The A.C.L.U. said the case should make clear to the Customs and Border
Protection agency that racial profiling was both illegal and ineffective.
“The whole reason that he was stopped to begin with was that he appeared Middle
Eastern to the agents at the train station,” said Doug Honig, the spokesman for
the A.C.L.U. in Washington State. “This sends a strong message that basing
law enforcement solely on ethnic profiling is not proper.”
Jeffrey C. Sullivan, the United States attorney for the Western District of
Washington, who signed the apology, said the case was about getting the law
concerning refugees wrong and nothing else.
In another rare move, Mr. Sullivan’s office joined the A.C.L.U. in seeking to
remove the initial court ruling in the case.
“We all sometimes make good-faith mistakes,” Mr. Sullivan said, “and that is all
that was done in this case. This case was not settled because of racial
profiling, but due to a legal matter according to what his status was. To
say anything more than that is just wrong.”
Ramon Rivera, a spokesman for Customs and Border Protection, said he had never
before heard of the government’s issuing such an apology.
Mr. Rivera also denied that agents engaged in racial profiling. Border
Patrol agents arrested 931,000 illegal immigrants in 2003, he said, the year of
the incident in Montana. “Out of that, we have maybe one person that made
an allegation,” he said. “So what is the percentage?”
Jesse A. Wing, the Iraqi refugee’s lawyer, said there were probably countless
such incidents. “There are many people who have been mistreated in this
way and probably very few of them feel comfortable enough putting themselves in
the limelight,” Mr. Wing said.
The refugee, Abdulameer Habeeb, 41, had been in the United States for 10 months
on April 1, 2003, when he stepped off an Amtrak train near the Canadian border
in Havre, Mont., to stretch his legs, according to court papers.

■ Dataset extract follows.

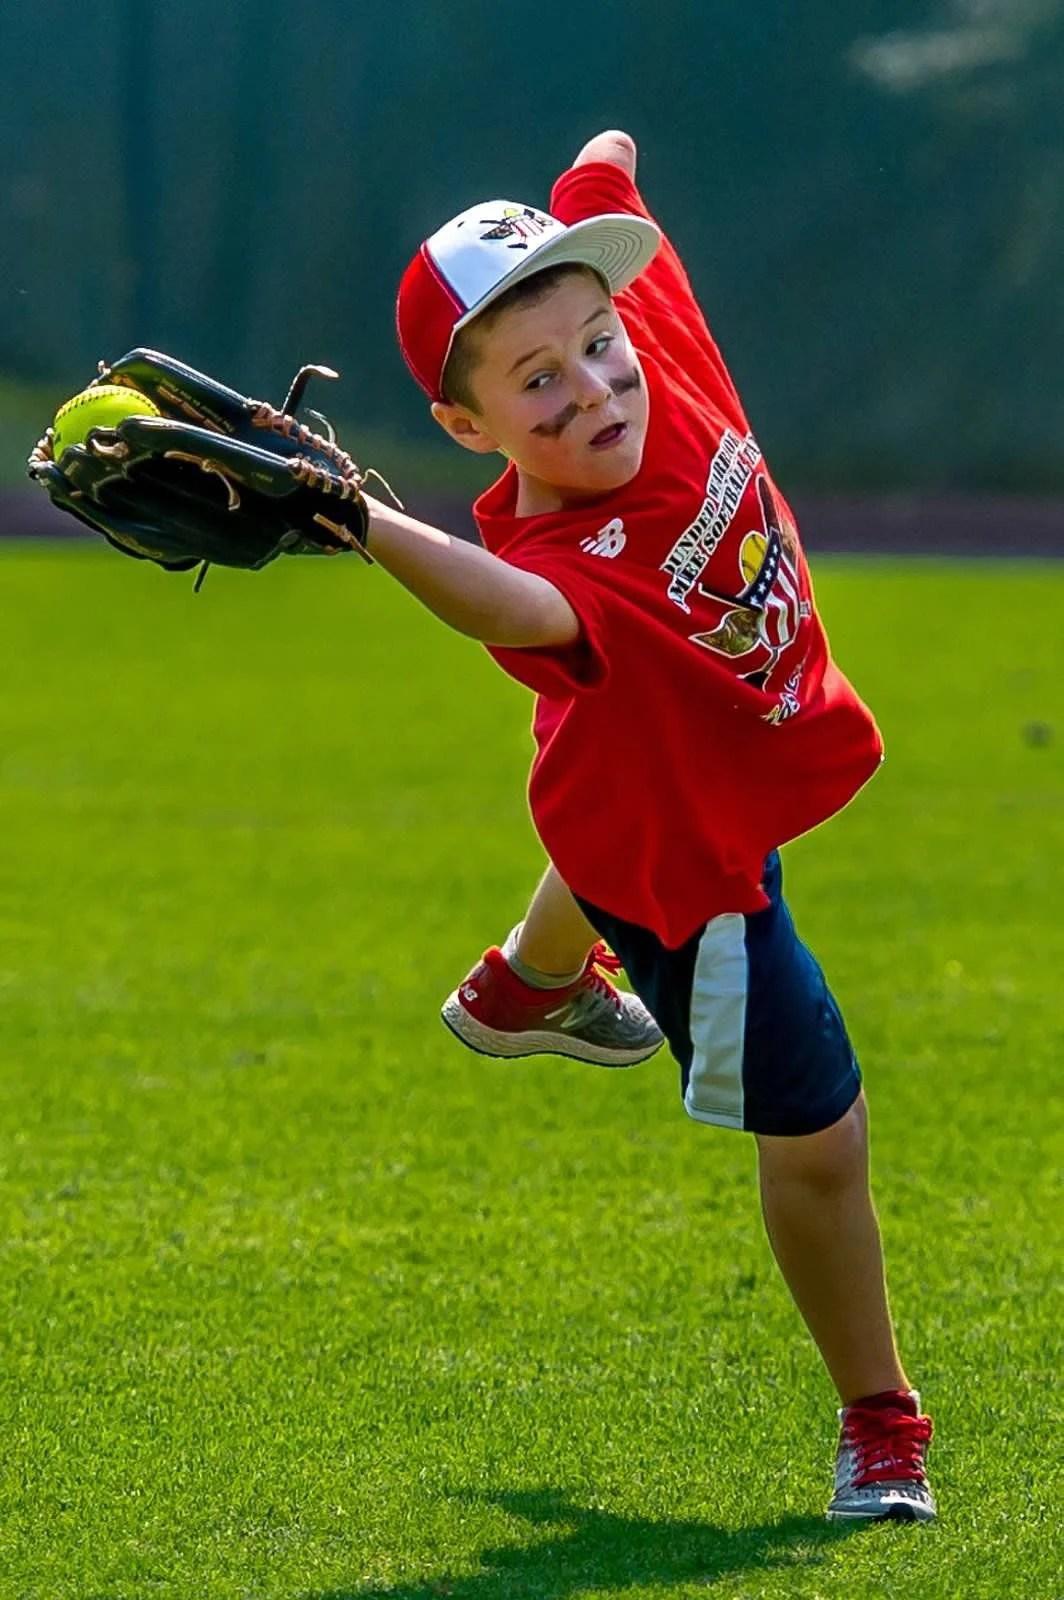 Boy Plays At Amputee Softball Team Kids Camp

Border Patrol agents stopped him to inquire whether he had registered under a
“special registration” system mandatory for certain foreigners, which is now
mostly suspended. It was not required for legal refugees, but the agents
arrested Mr. Habeeb.
He spent three nights in the county jail, underwent a strip search and was
mockingly called “Saddam” by other detainees, the A.C.L.U. said. He was
taken through the airport in handcuffs and flown to Seattle, where he spent four
more days in detention, the group said.
“I thought for a moment that this is it, my life is done, this is the end of my
life in this country,” said Mr. Habeeb, who was a legal refugee because he had
been jailed and tortured in Iraq under Saddam Hussein.
He turned to the courts. After his case was dismissed by the Federal
District Court in Great Falls, Mont., the Justice Department lawyers reviewed
what had happened and joined the A.C.L.U. in asking the court to nullify its
decision. The case was removed from the record, and the negotiated
settlement included both a written apology and an undisclosed financial sum.
The June 13 letter signed by Mr. Sullivan said that the effort to deport Mr.
Habeeb was wrong and that “the United States of America regrets the mistake.”
Mr. Habeeb declared himself happy.
“My nightmare stopped,” he said. “It is not just a personal case; it is a
human case. Everybody should be treated well.”